Увидев вернувшуюся странноватую компанию, Годзерек не погнушался подойти и присесть к ним. Дав указание немедленно накрывать на стол, трактирщик повернулся к сидевшей за столом троице.

– Вас мне прислала сама удача, – голос трактирщика звучал радостно, а по лицу, с небритой седоватой щетиной, сама собой расползалась довольная улыбка. – После вчерашнего чуть не проклинать вас был готов, прошу прощения, а сейчас думаю, как же все удачно сложилось.

– Да уж, – проголодавшийся лучник явно не разделял радостей хозяина, – и кого же это сюда занесло?

– Купцы из торговой гильдии Городов, – Годзерек посмотрел на Хорсу чуть укоризненно, – возвращаются с южных земель, решили проехать по нашей дороге, чтобы срезать путь. Да вы видели, сколько охраны с ними?

Освальд смотрел на радостного хозяина, и хотя прекрасно понимал его, но одобрить его поведение никак не мог. Понятно, что тот чрезвычайно доволен: люди, животные, всех обслужить, накормить надо, а это большая прибыль в не больно толстый кошелек местного трактирщика.

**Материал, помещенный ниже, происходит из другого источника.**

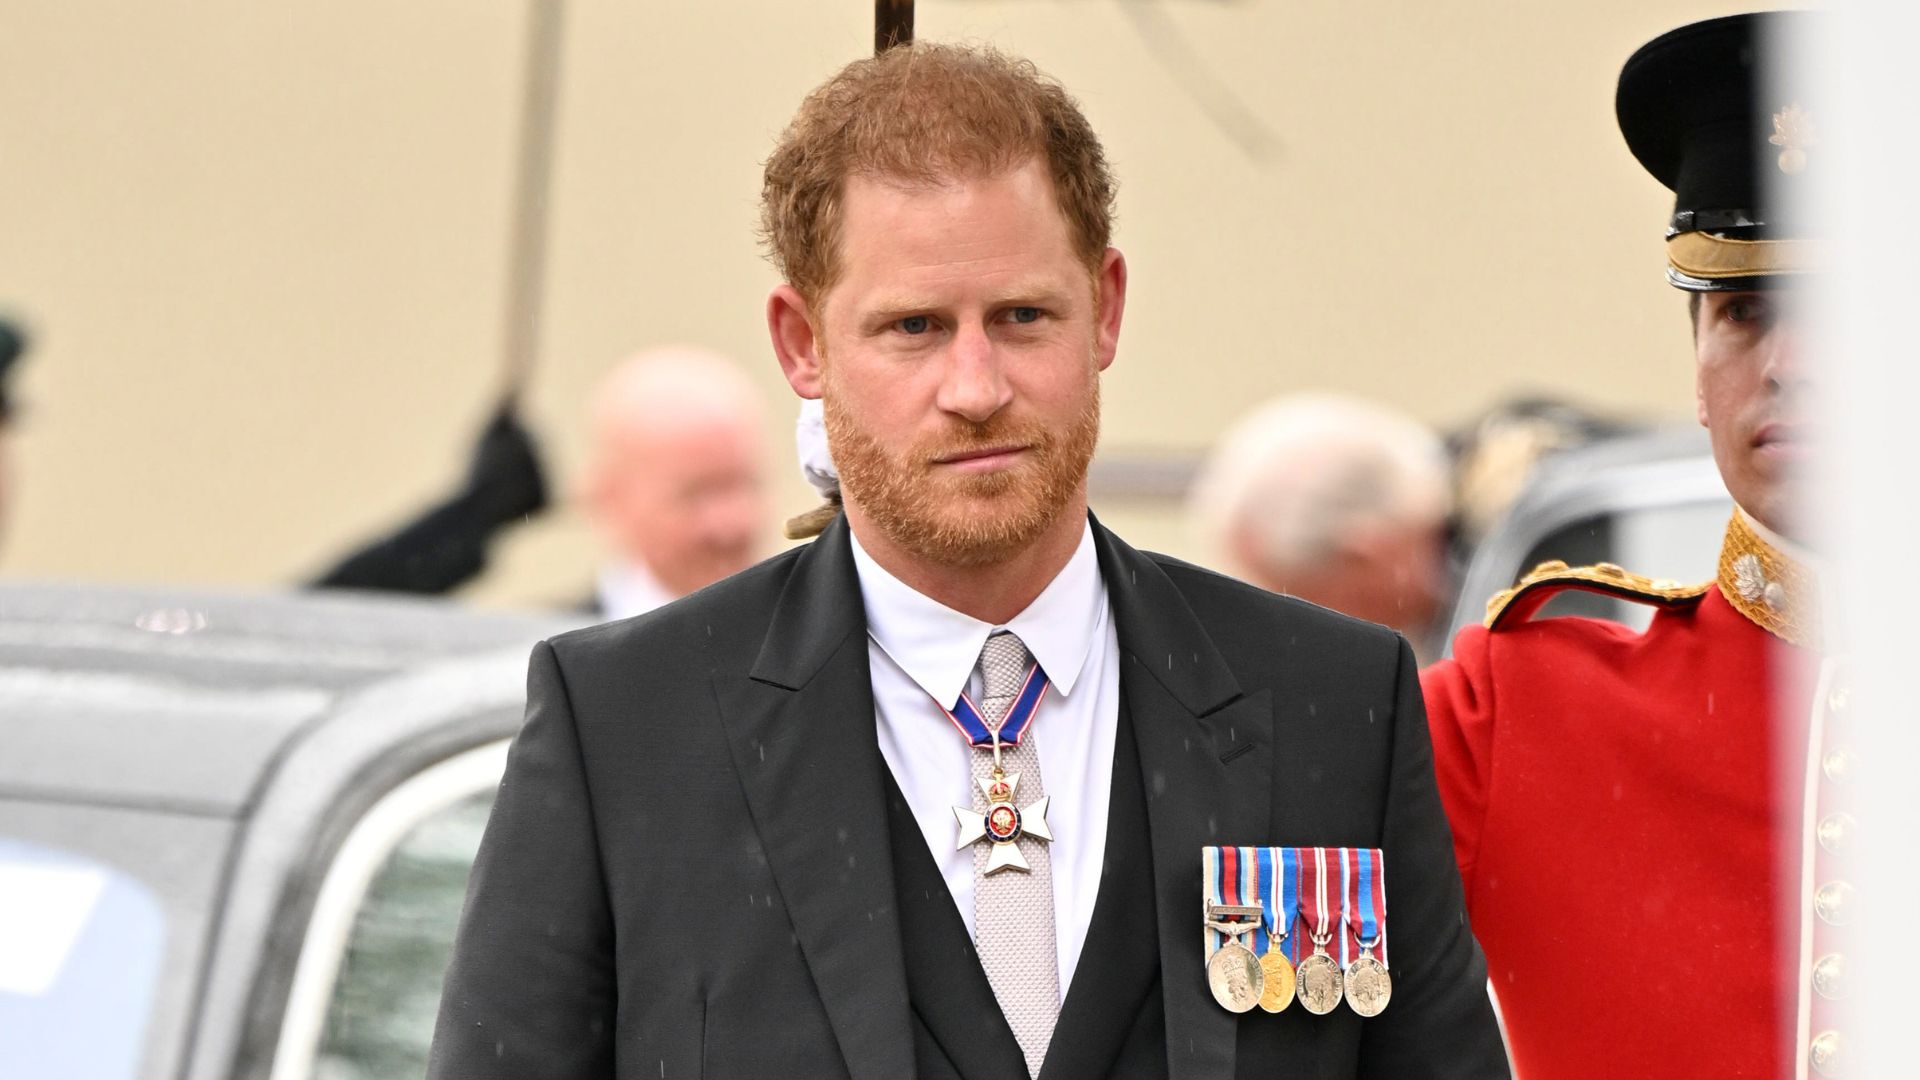 Príncipe Harry teria se encontrado com um membro da família real antes da coroação, diz revista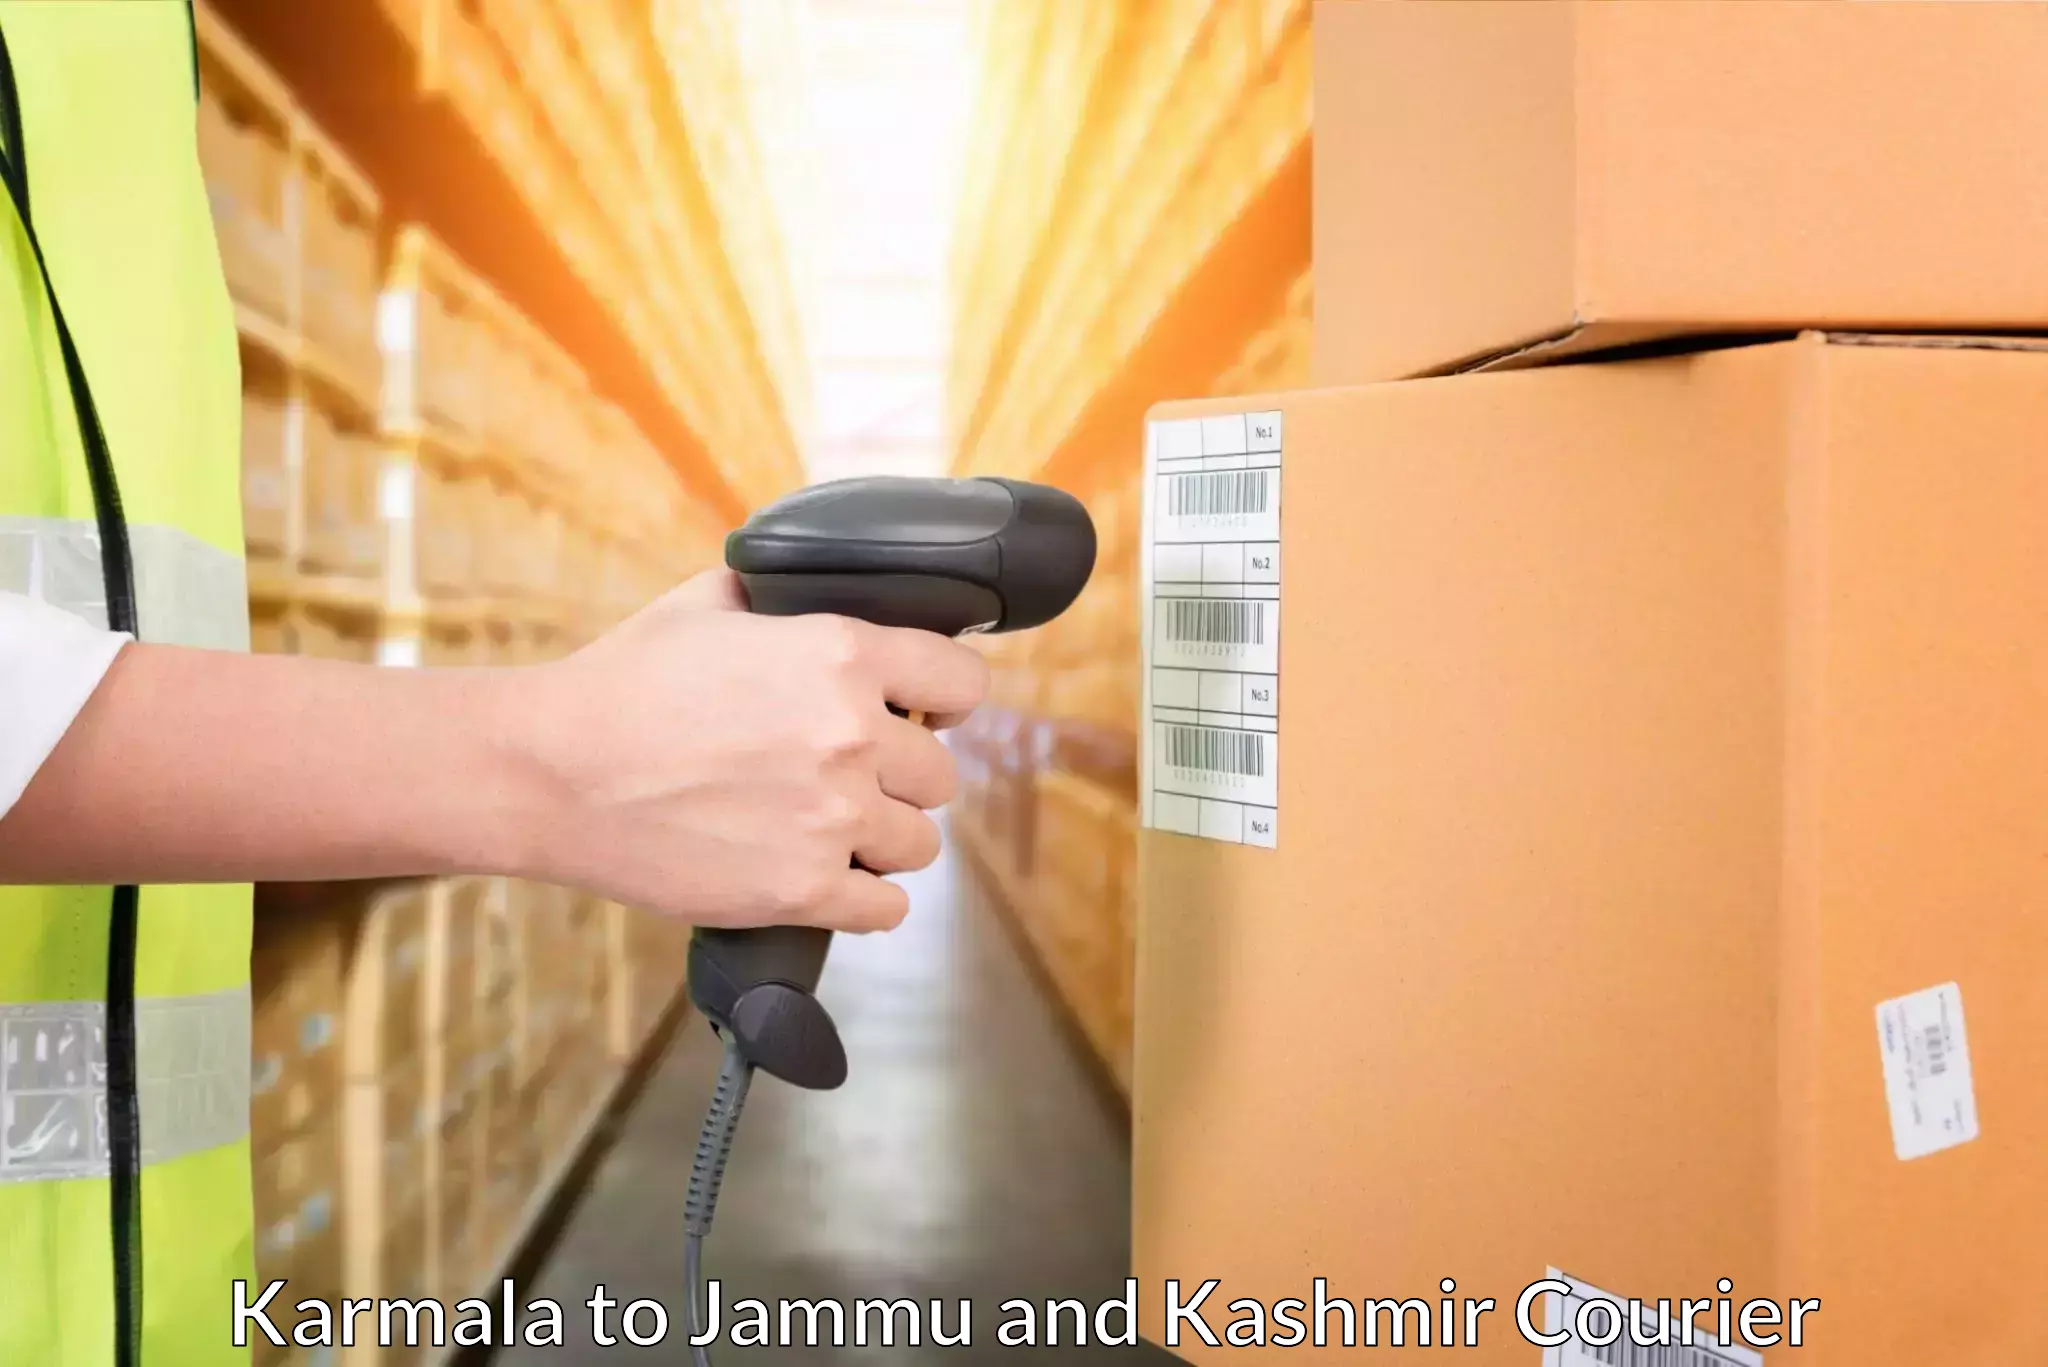 Express delivery capabilities Karmala to Doda

Но ведь он прекрасно должен понимать, что на носу полнолуние, а отсиживаться купцы долго не будут, товар продавать надо. И кто знает, поможет ли им вся многочисленная охрана, когда они будут идти через лес?

– Ты меня, конечно, извини, хозяин, но ты, кажется, упорно стараешься забыть – что за звери обитают в ваших оврагах? – Охотник пристально посмотрел на Годзерека. – А то ведь можно подумать, будто ты рад, что купцы здесь оказались как раз когда начинается новый лунный цикл? Я ведь, кстати, ни разу не спросил, куда делись товары того первого каравана? Тоже волки на куски подрали?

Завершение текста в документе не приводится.